I tend to go back to tried and true recipes when testing out new ingredients so was thinking something like this - funnily enough the stats are the same as yours  

OG 1.060
IBU 50 

98% JW trad
2% pale choc

60 min addition to hit 50 IBU total (or FWH)
0.75g/L @ 25
0.75g/L @ 10 (might drop this one)
1g/L @ 0 

WY1026 cask ale


----------



## Bubba (13/12/10)

POR will give you an earthy, woody flavour. I use it as bitterign mainly, and a bit of base flavour as I do mainly ales, then I top it off with a short boil of cascade or Amarillo for aroma and flavour. I like it!


----------



## under (13/12/10)

60min bittering addition is what im only going to use POR for. Made an aussie lager with it at 60 and 20. The 20min addition is way to resiny/earthy for me. And this was with fresh flowers. 

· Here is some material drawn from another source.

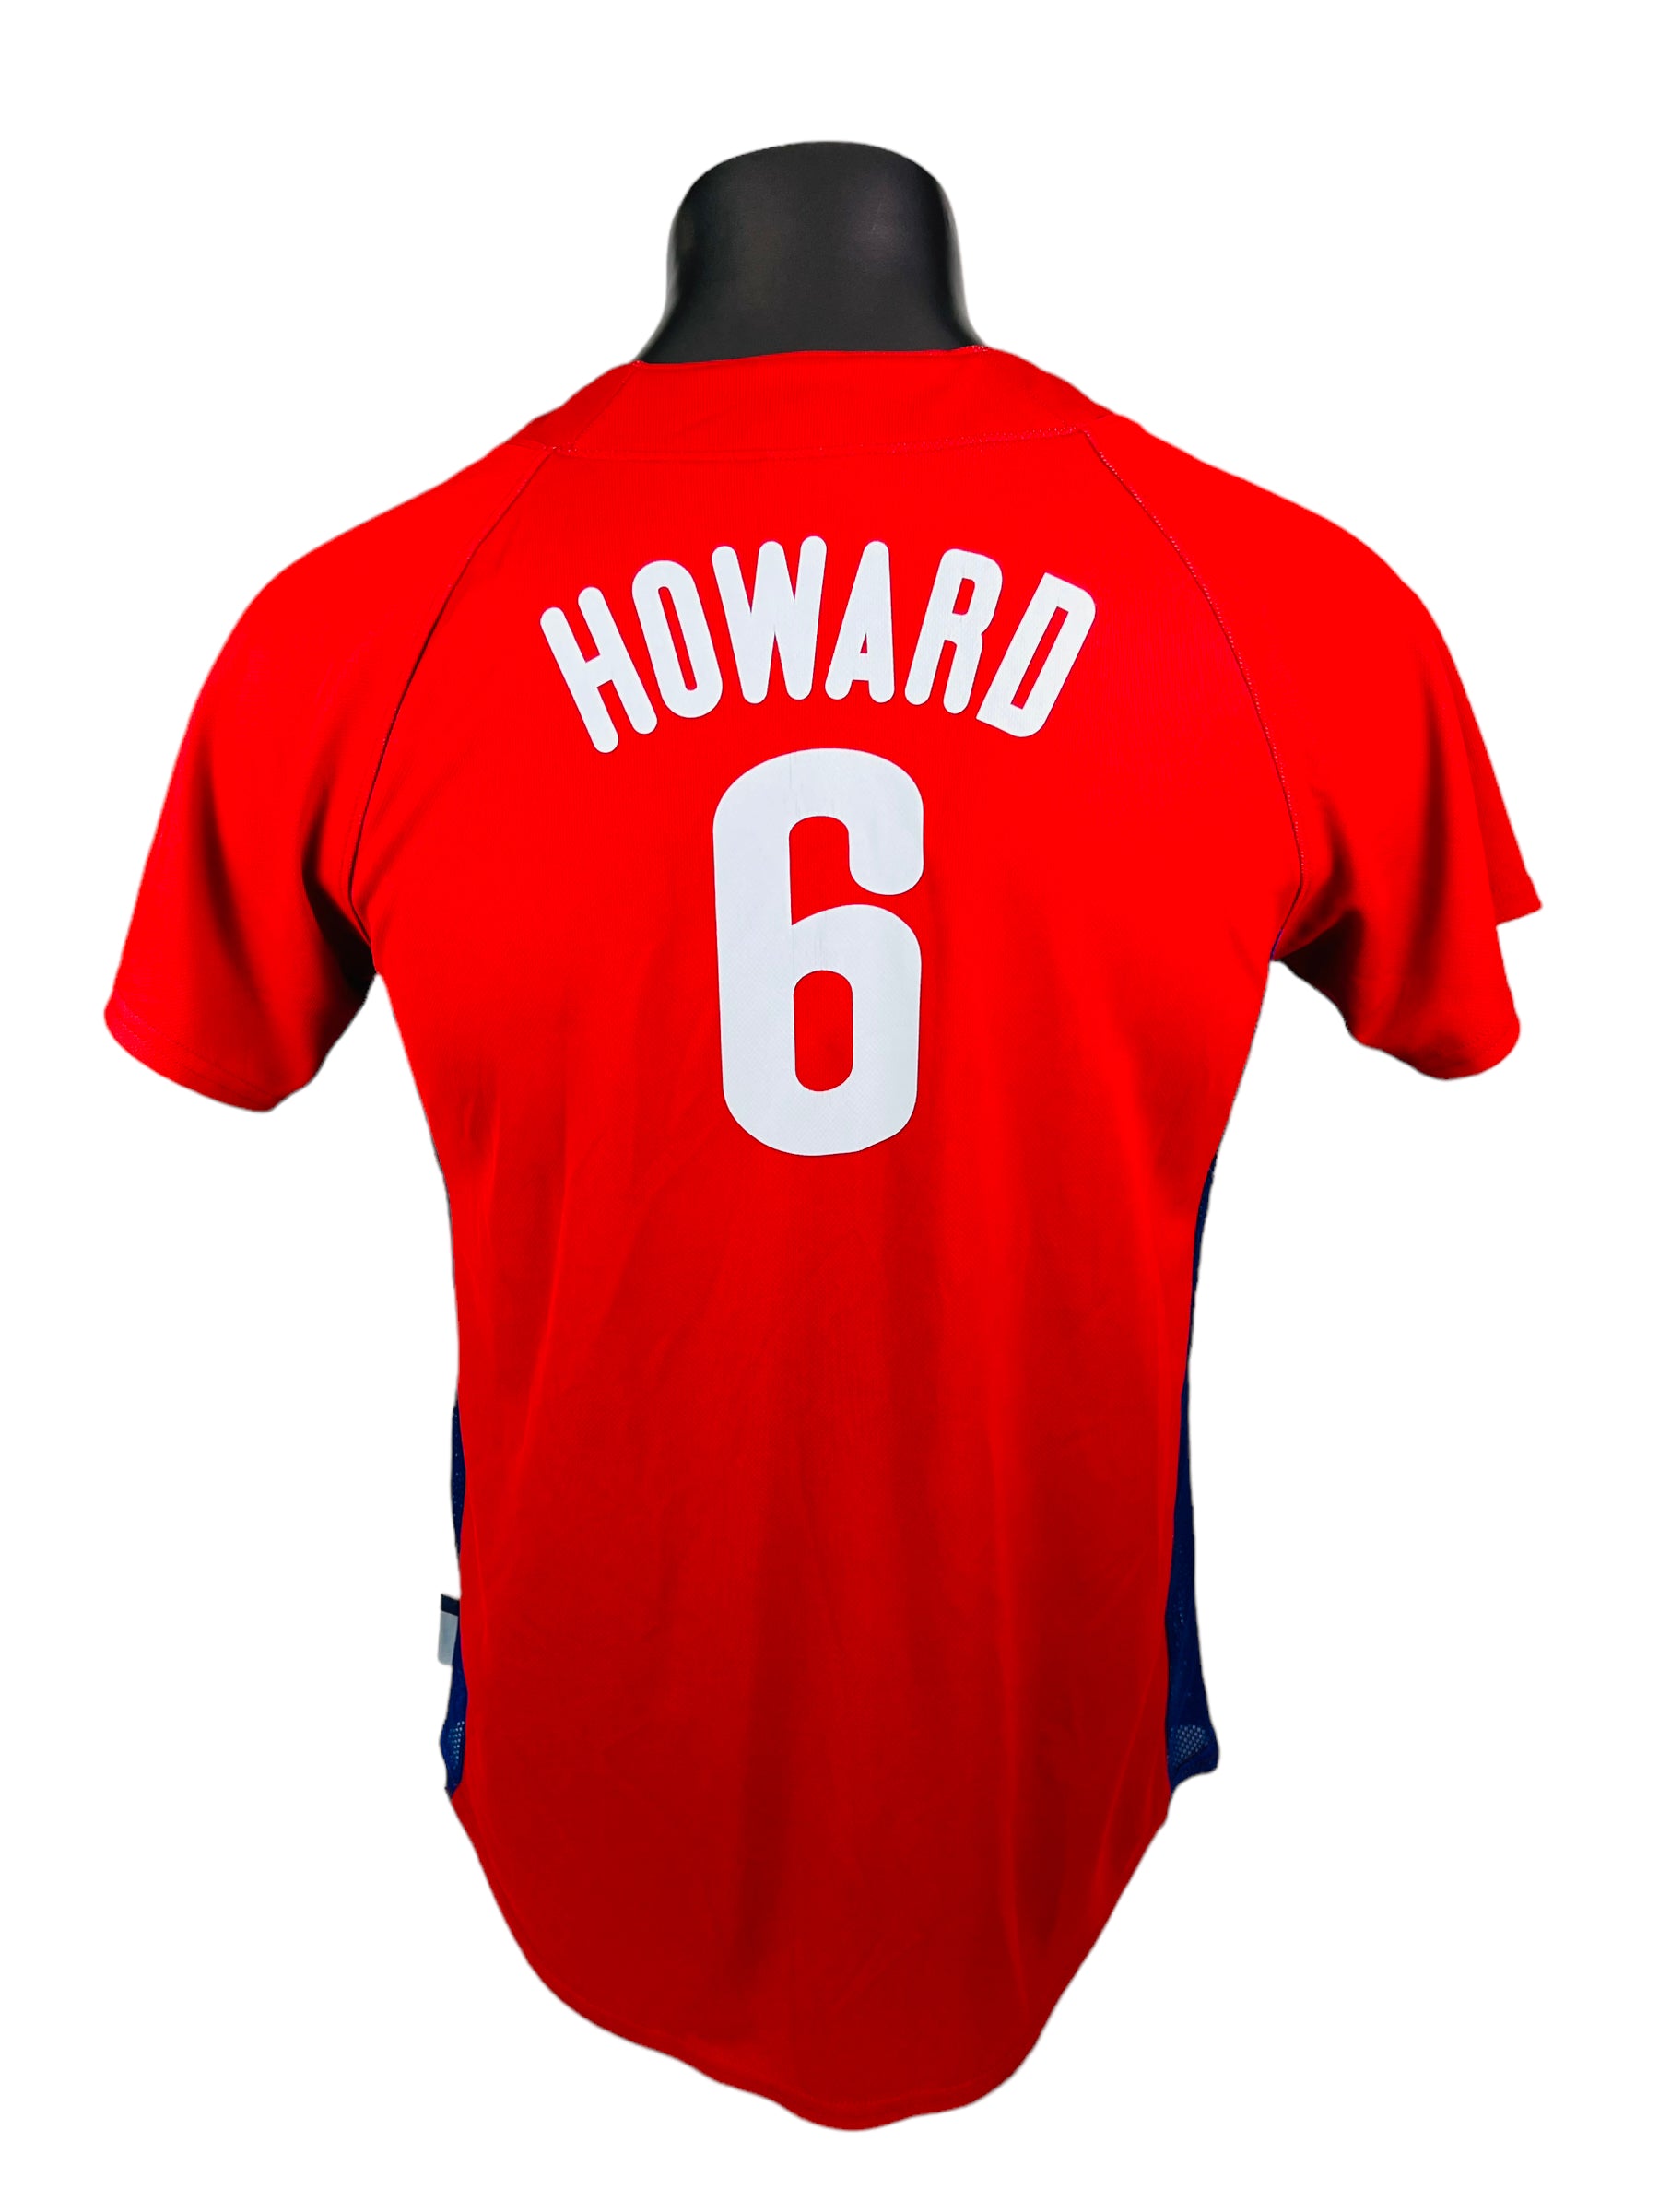 Ryan Howard Jersey, Authentic Phillies Ryan Howard Jerseys & Uniform -  Phillies Store

I have brewed a double batch of this beer for my xmas beer to take to the relos. And I have to say its tasting mighty fine so far. S-189 really is great.

Recipe: 29 - Xmas Draught
Brewer: Dazza
Asst Brewer: 
Style: German Pilsner (Pils)
TYPE: All Grain
Taste: (35.0) 

Recipe Specifications
--------------------------
Batch Size: 23.00 L 
Boil Size: 27.70 L
Estimated OG: 1.046 SG
Estimated Color: 5.0 EBC
Estimated IBU: 18.1 IBU
Brewhouse Efficiency: 75.00 %
Boil Time: 90 Minutes

Ingredients:
------------
Amount Item Type % or IBU 
3.42 kg Pilsner, Malt Craft Export (Joe White) (3.Grain 81.14 % 
0.28 kg Carapils / Carafoam (Weyermann) (3.9 EBC) Grain 6.69 % 
17.00 gm Pride of Ringwood (Flowers) [9.60 %] (60 Hops 18.1 IBU 
0.51 kg Cane (Beet) Sugar (0.0 EBC) Sugar 12.17 %


----------



## Armstrong (13/12/10)

I'm waiting for Mr Morgan's famous "Shame of Ringwood" line.

POR ... I love it!


----------



## fletcher (30/12/13)

necro alert.

am thinking of doing some semi-aussie/mixed aussie-american-english-whatever ales using POR as the bittering addition, and just wanted to know if people have successfully mixed it with other hops? care to share those experiences? i would guess at it mixing well with the earthy, english hop varieties but not as much with the american citrus-focused hops (though this is 100% bull shit speculation and i'd love to be proven wrong as i have many i'd consider putting it with).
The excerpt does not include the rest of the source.